EXERCISE DESCRIPTION => Write the listing below out again exactly, dropping the images.

GIVEN INFORMATION =>
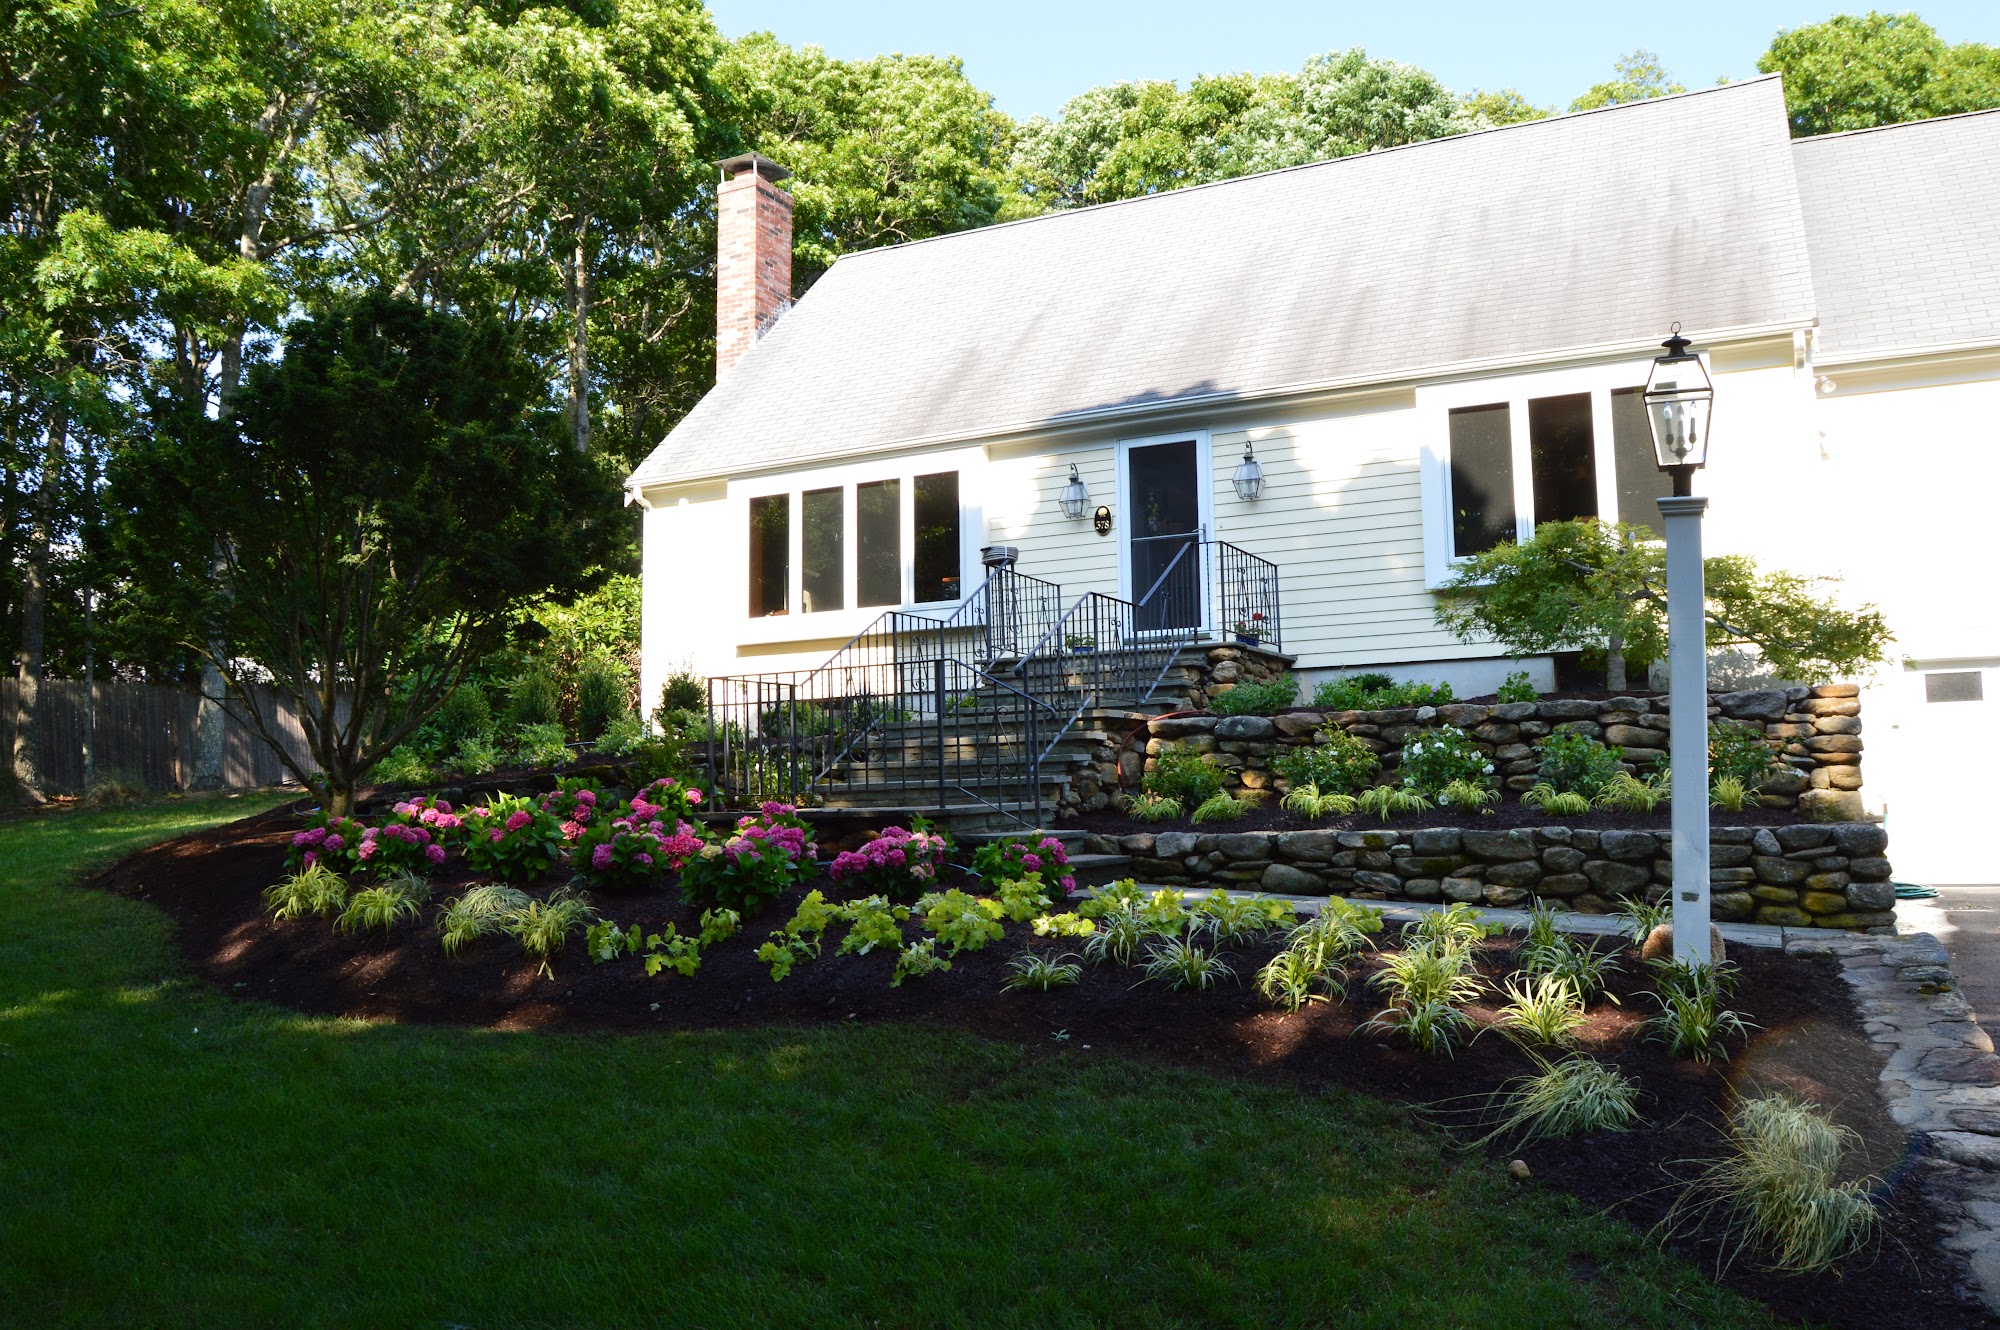 Gardens By Barbara Conolly, Inc. 366 Carriage Shop Rd, East Falmouth Massachusetts 02536
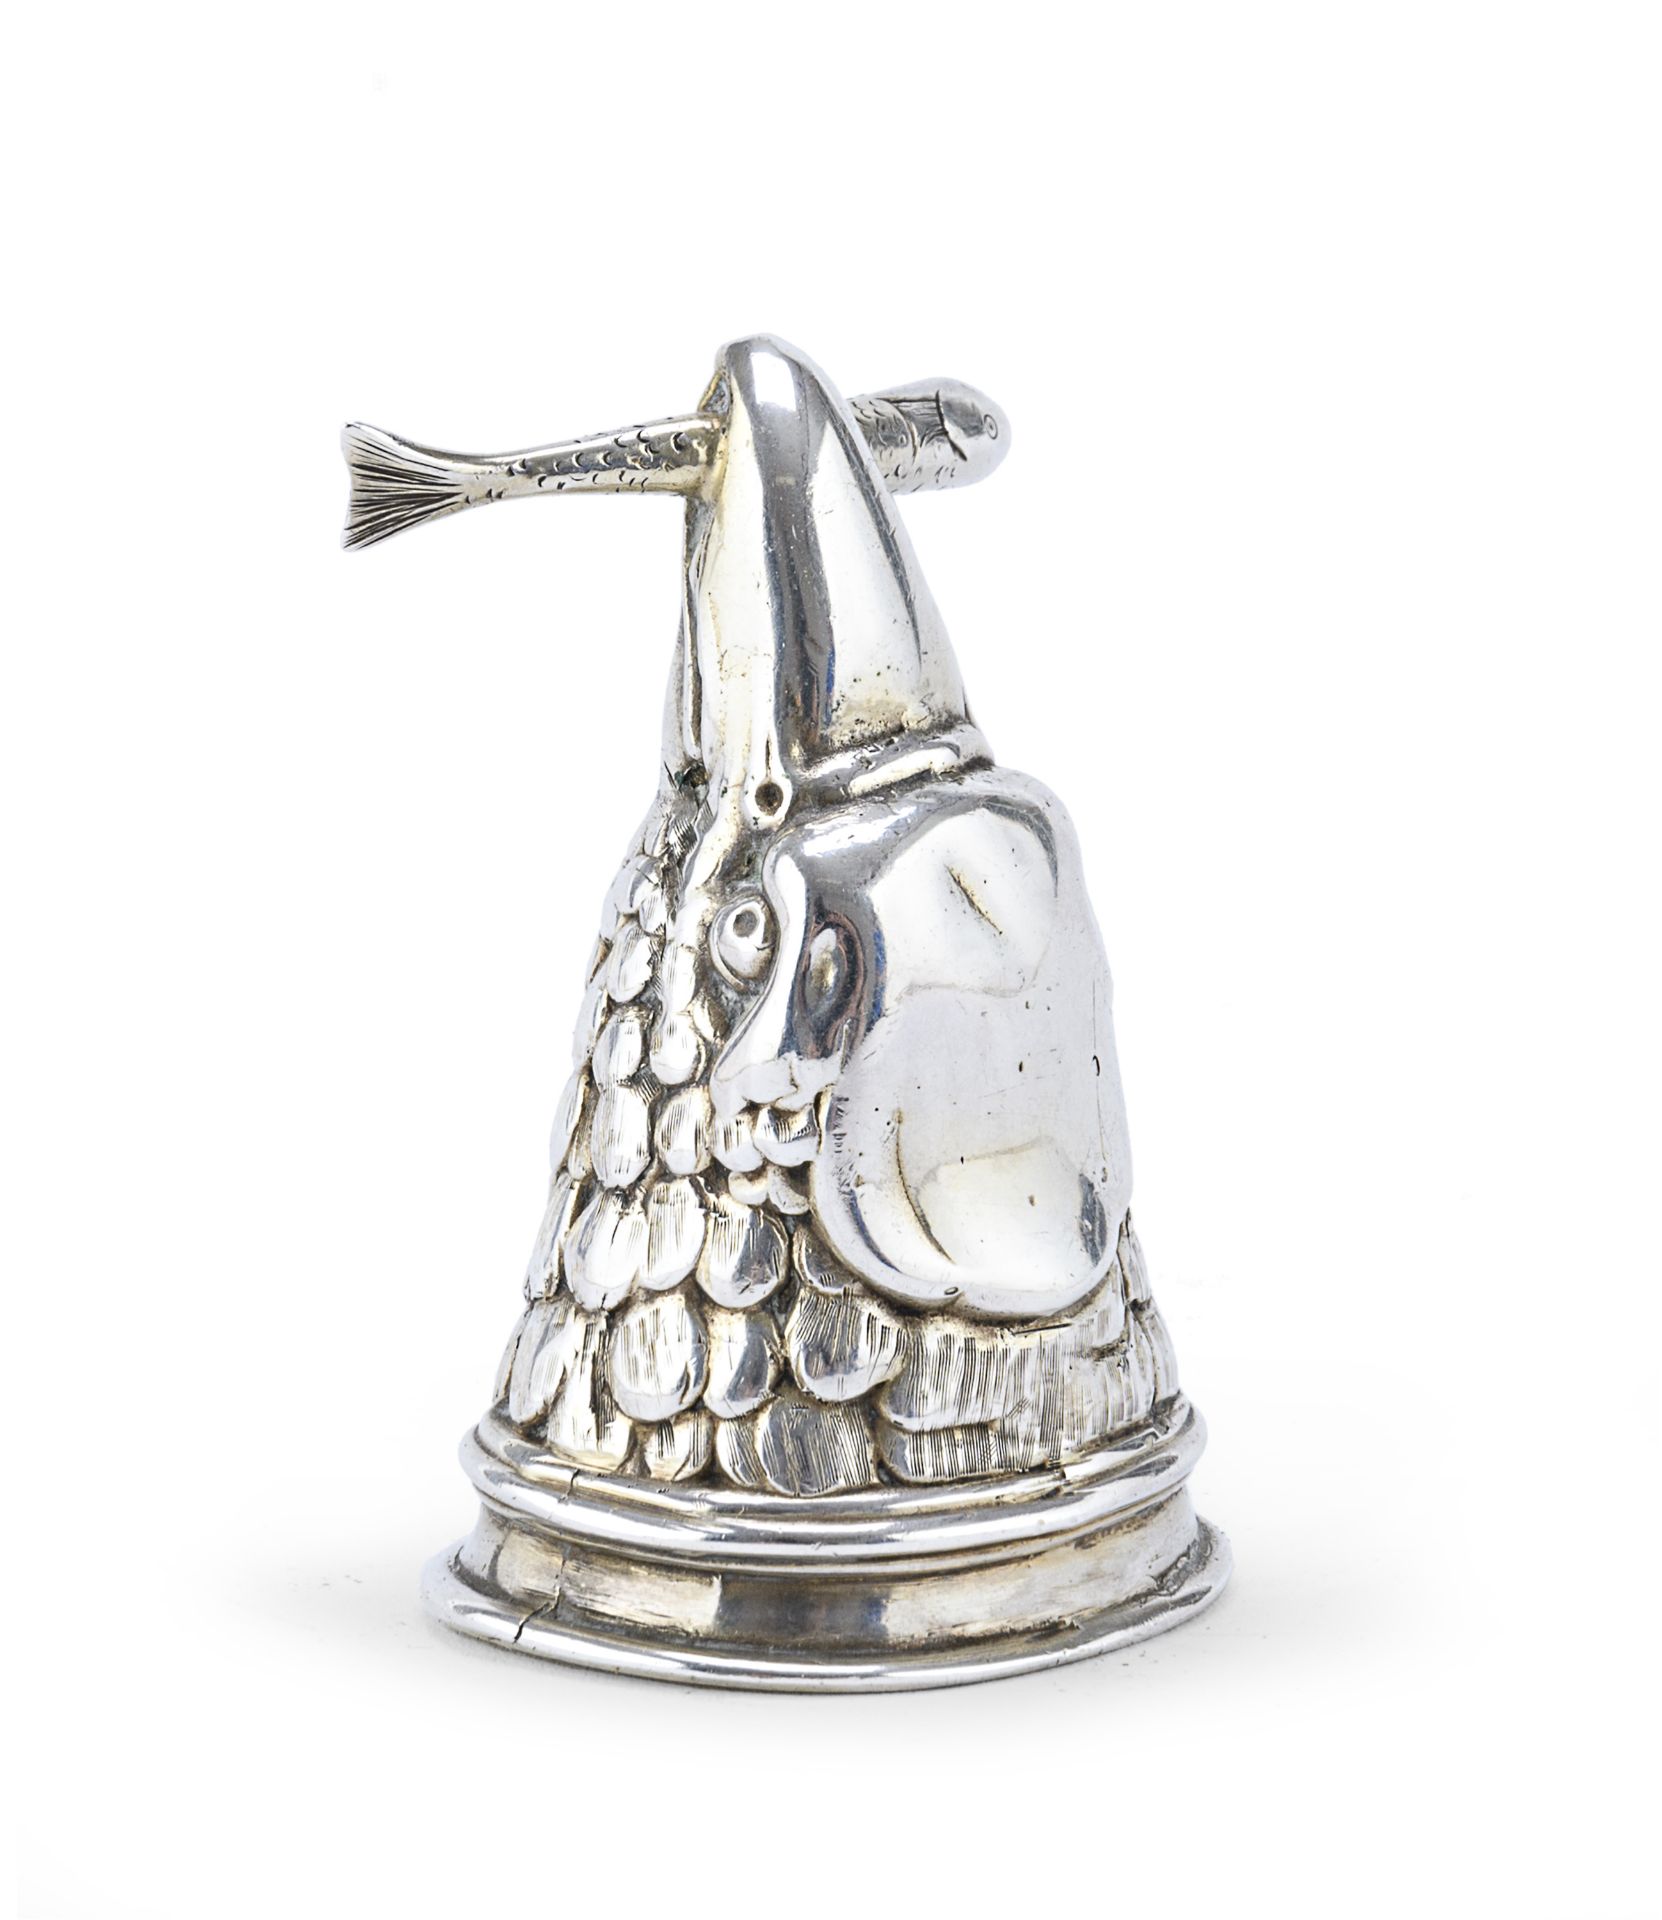 SILVER BELL ENGLAND EARLY 19TH CENTURY - Image 2 of 2
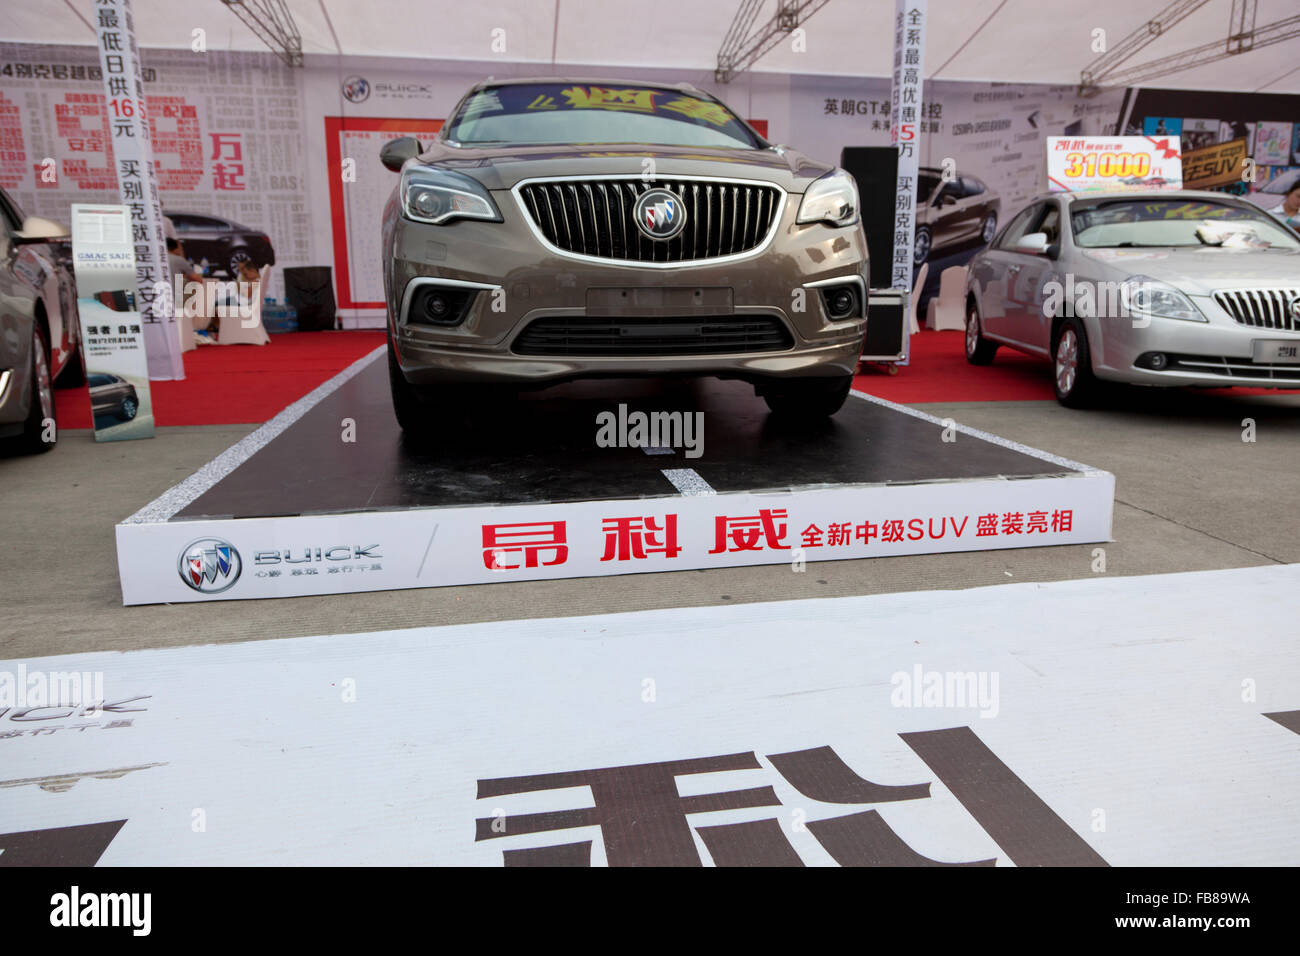 Branded and expensive SUVs and cars being exhibited at a trade fair in a Chinese city. Stock Photo

RESPONSE BELOW =>
 Gardens By Barbara Conolly, Inc. 366 Carriage Shop Rd, East Falmouth Massachusetts 02536
 SILVER BELL ENGLAND EARLY 19TH CENTURY - Image 2 of 2
 Branded and expensive SUVs and cars being exhibited at a trade fair in a Chinese city. Stock Photo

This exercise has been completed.